[Information provided]
++++++
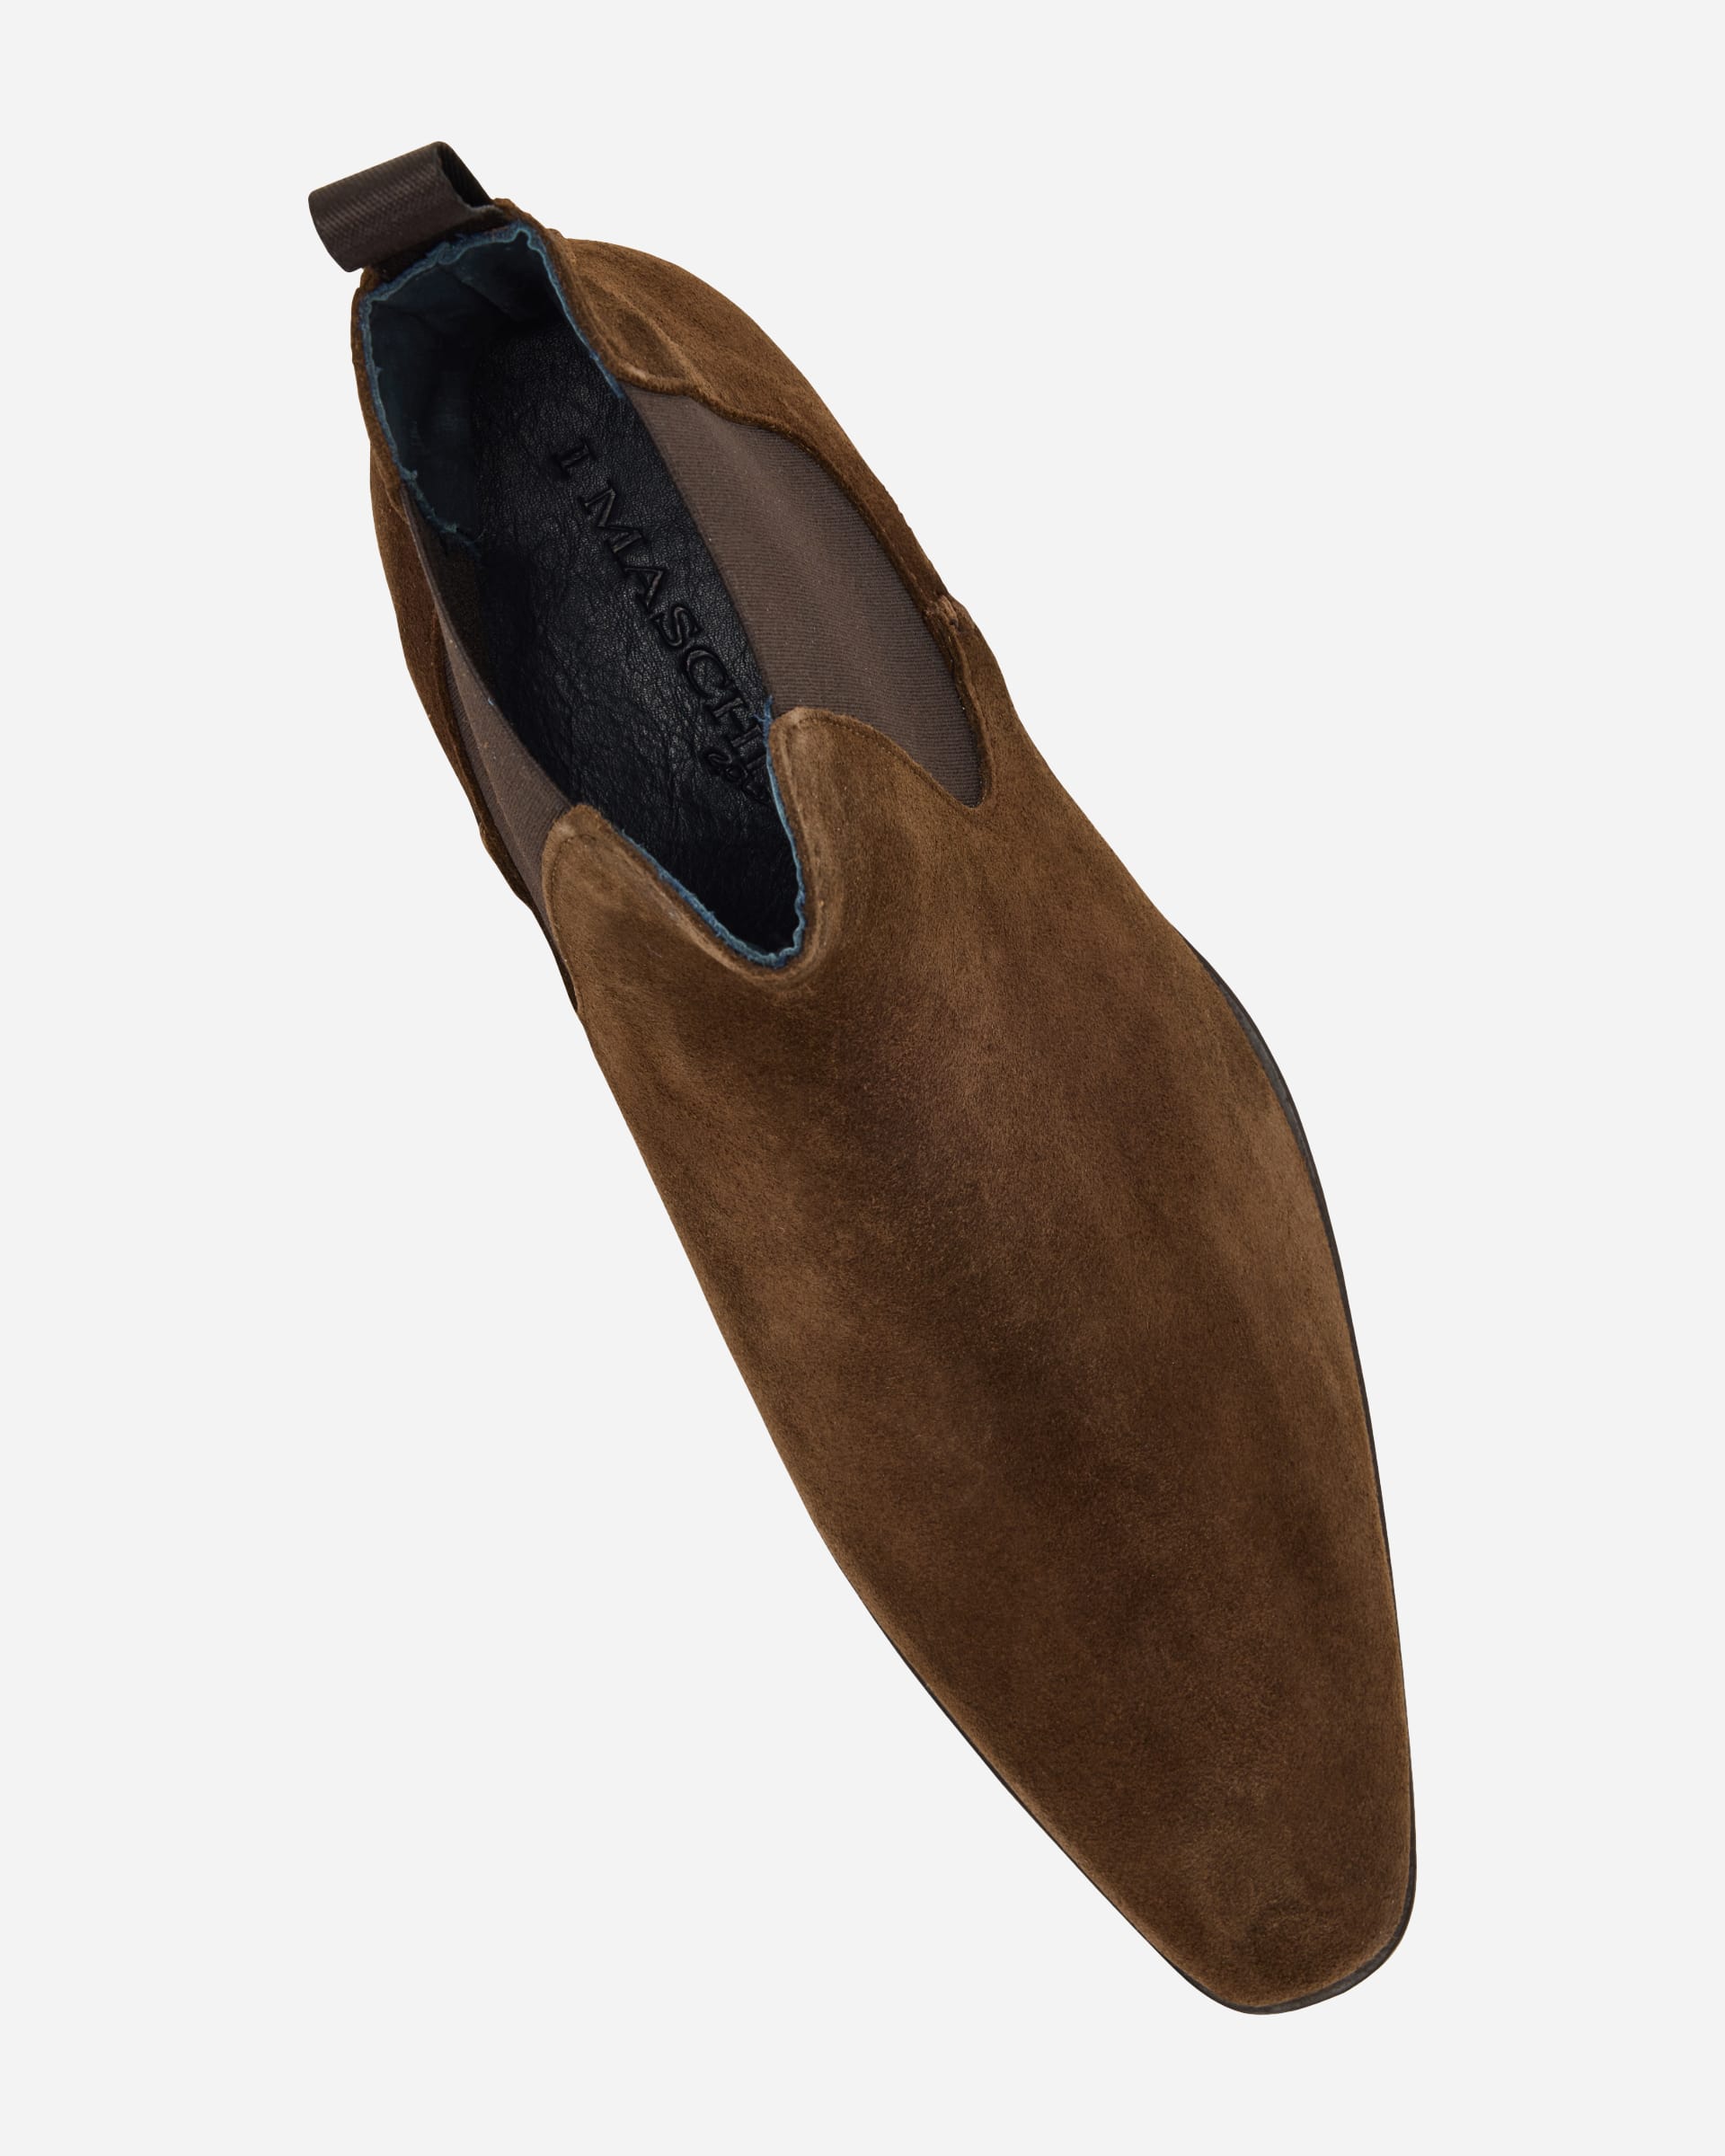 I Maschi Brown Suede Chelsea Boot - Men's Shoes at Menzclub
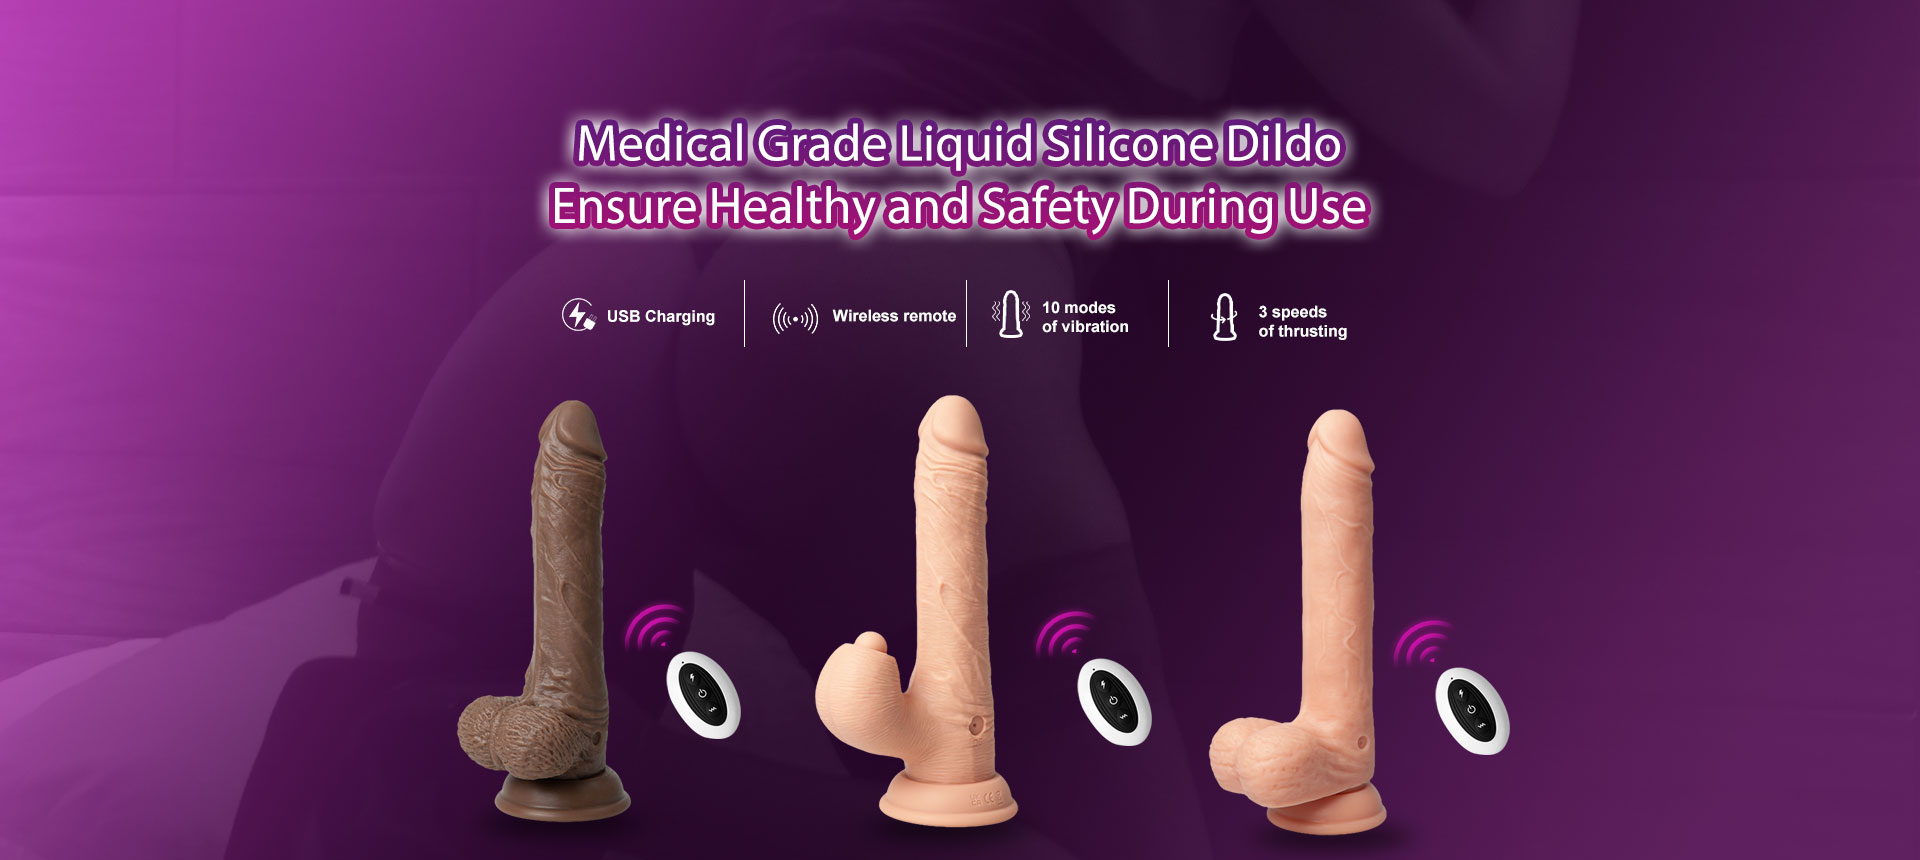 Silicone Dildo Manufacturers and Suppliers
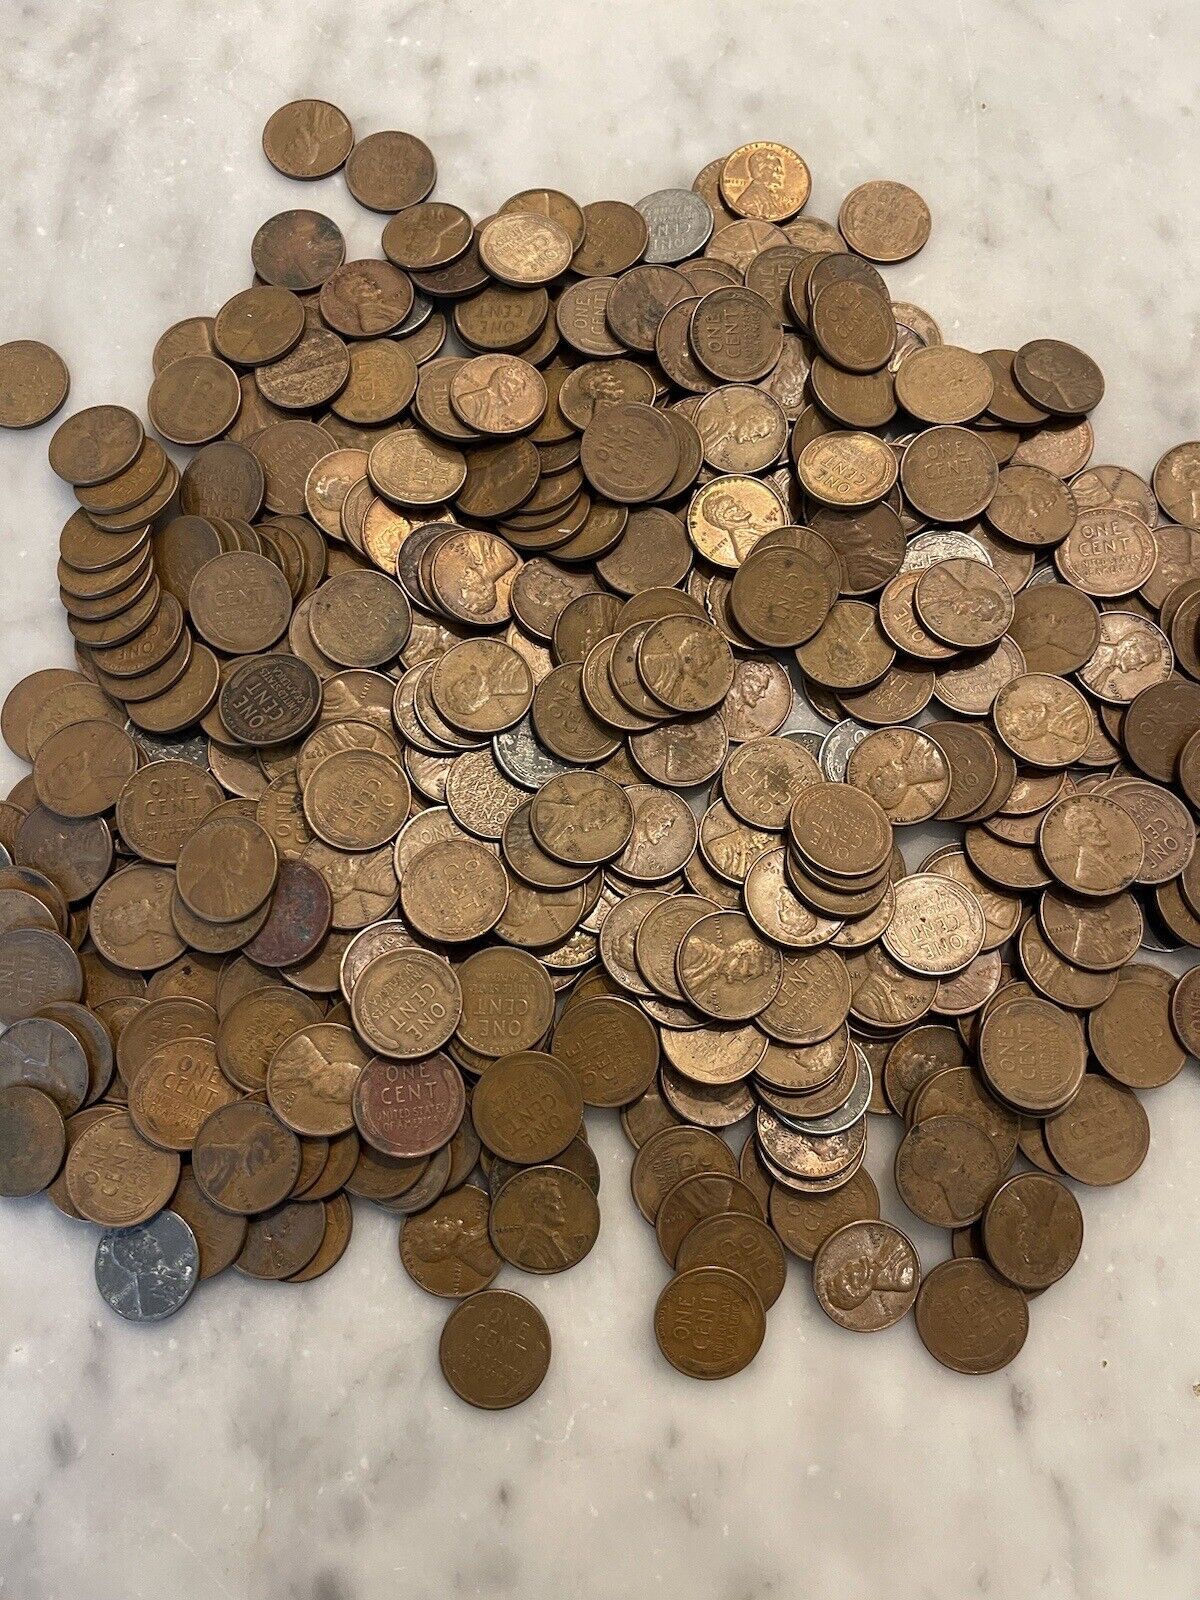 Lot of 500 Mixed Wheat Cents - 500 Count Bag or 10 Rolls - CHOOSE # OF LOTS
++++++
[Work order] Copy the listing in full and without alteration, omitting every picture.

[Expected output]
 I Maschi Brown Suede Chelsea Boot - Men's Shoes at Menzclub
 Silicone Dildo Manufacturers and Suppliers
 Lot of 500 Mixed Wheat Cents - 500 Count Bag or 10 Rolls - CHOOSE # OF LOTS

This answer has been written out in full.